EUR/USD
Good data on the US came out on Friday, which put pressure on most currencies, but the euro ended the day higher after a bit of confusion. Personal incomes of consumers increased by 0.6% in January, expenses increased by 0.2%, business activity in the manufacturing sector of the Chicago region in February amounted to 49.0 points against 42.9 a month earlier.

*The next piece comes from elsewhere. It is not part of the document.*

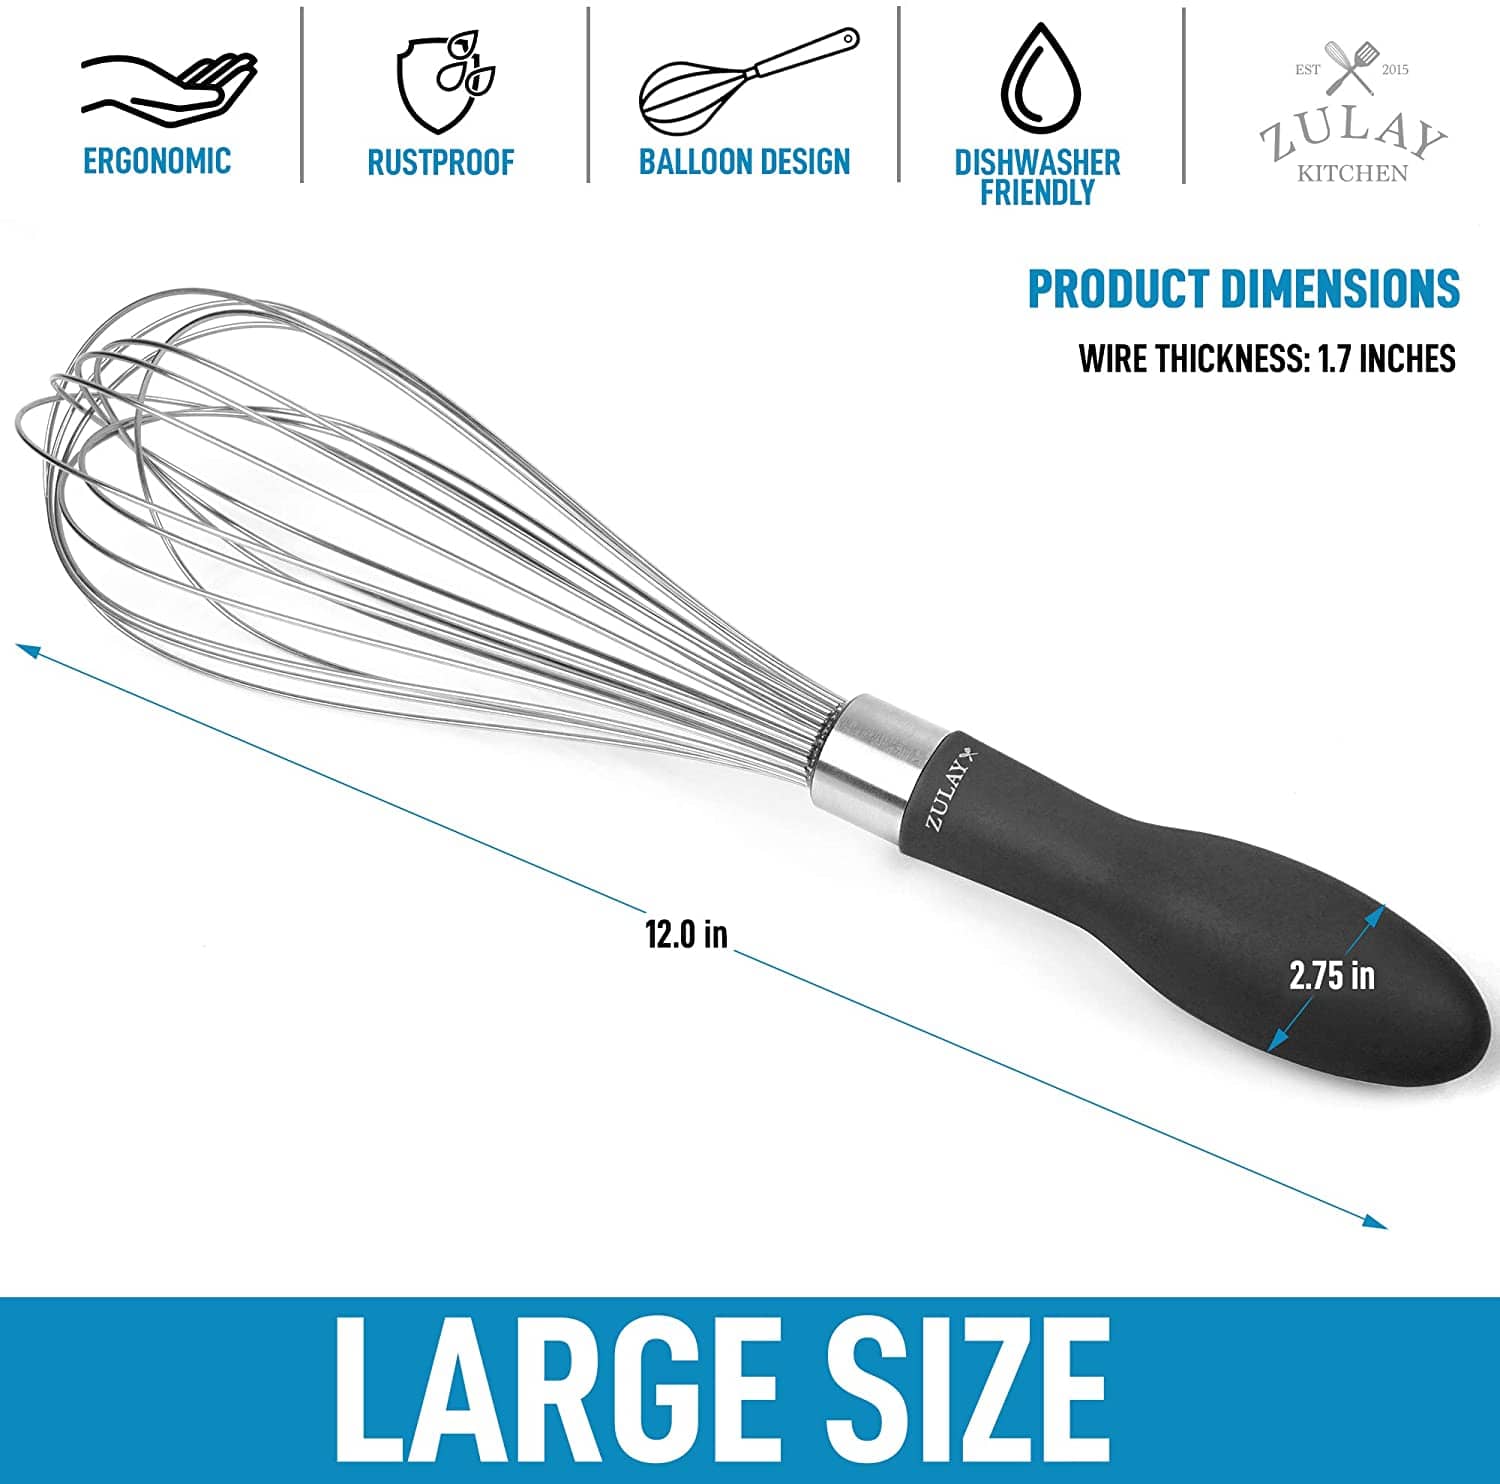  OXO Good Grips 11-Inch Silicone Balloon Whisk - Red

Also, the commodity trade balance improved from -68.7 billion to -65.5 billion in January. Today the final PMI estimates for February will come out in the eurozone (expectations unchanged), while the US ISM Manufacturing PMI is projected to decrease from 50.9 to 50.5, which may extend the euro’s growth amid expectations of a Fed rate cut on the 18th. Markets lay a 94.9% probability of a rate cut immediately by 0.50% to 1.25% and another decrease by 0.25% at a meeting on April 29th.
Looking ahead, we note that lowering rates will have a short-term effect on the dollar, the development of the crisis will nevertheless return market sentiment to the purchase of safe haven currency, as it was during the 2008 crisis.

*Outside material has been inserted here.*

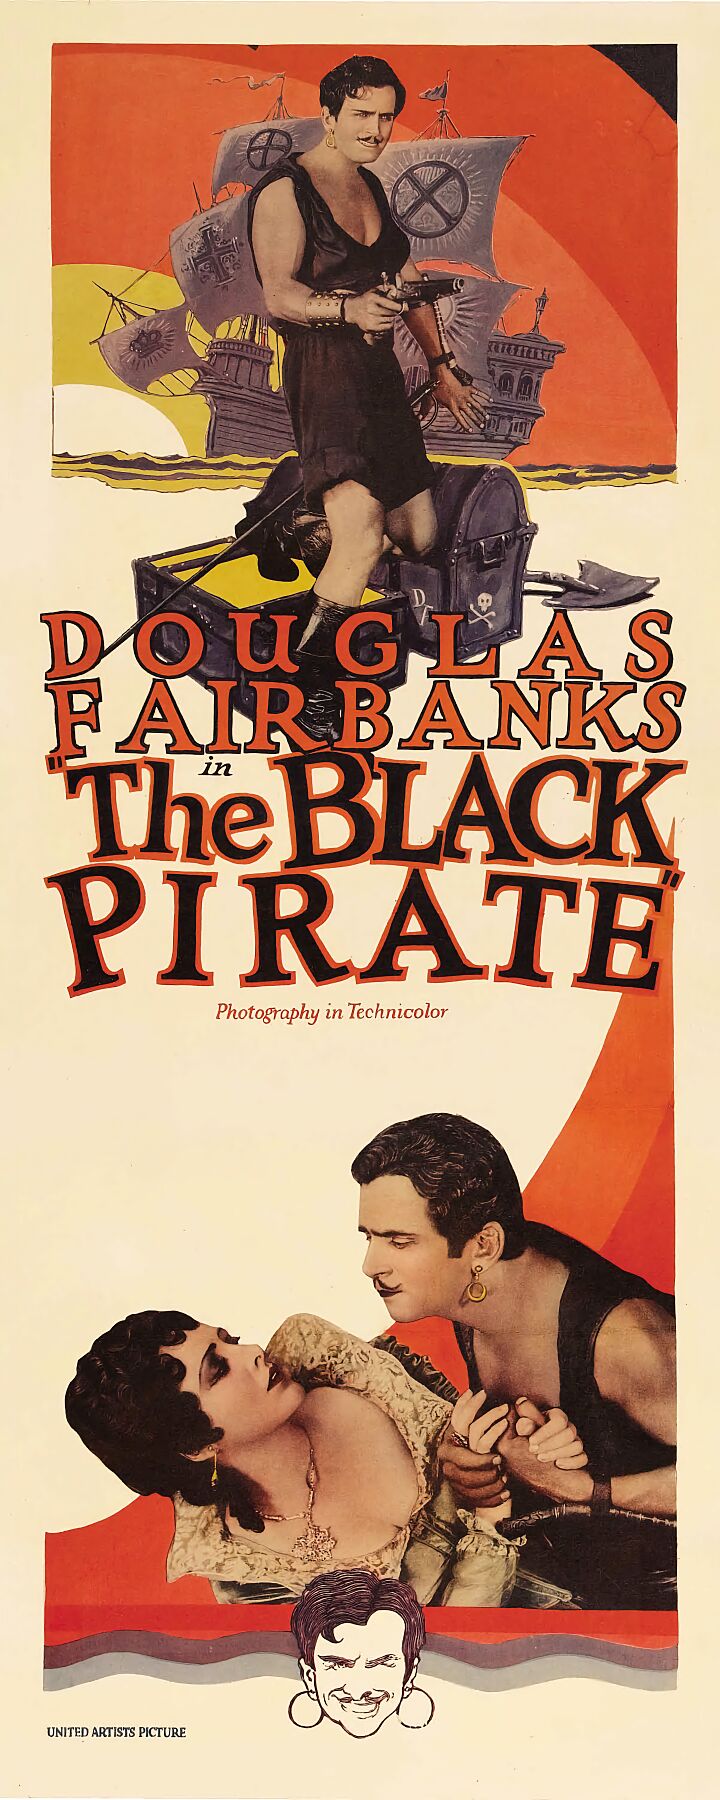 The Black Pirate is a 1926 US movie shot entirely in two-color Technicolor about an adventurer and a 'company' of pirates

On the daily chart, the price went above both indicator lines – above the red balance line, which shifts the price balance towards growth, and above the MACD line, which indicates a medium-term direction to growth. The immediate goal is the correction level of 76.4% at the price of 1.1130, overcoming the level opens the second goal of 1.1175 – a strong record level (a high on January 16, December 17, etc.).
The daily Marlin oscillator is close to the overbought zone, it has significantly pulled down the growth rate. We are waiting for the euro’s next reaction. Labor indicators on Friday will become very important for understanding the Fed’s intentions on the rate – good data are unlikely to push the central bank to double the rate cut, and one decrease by 0.25% is already actively included in the price.
The situation is completely upward on the four-hour chart, only the Marlin oscillator forms a kind of consolidation in front of the overbought zone, and a small divergence, which indicates an imminent slowdown in price growth with the likelihood of converting into a short-lived horizontal trend (1-2 days).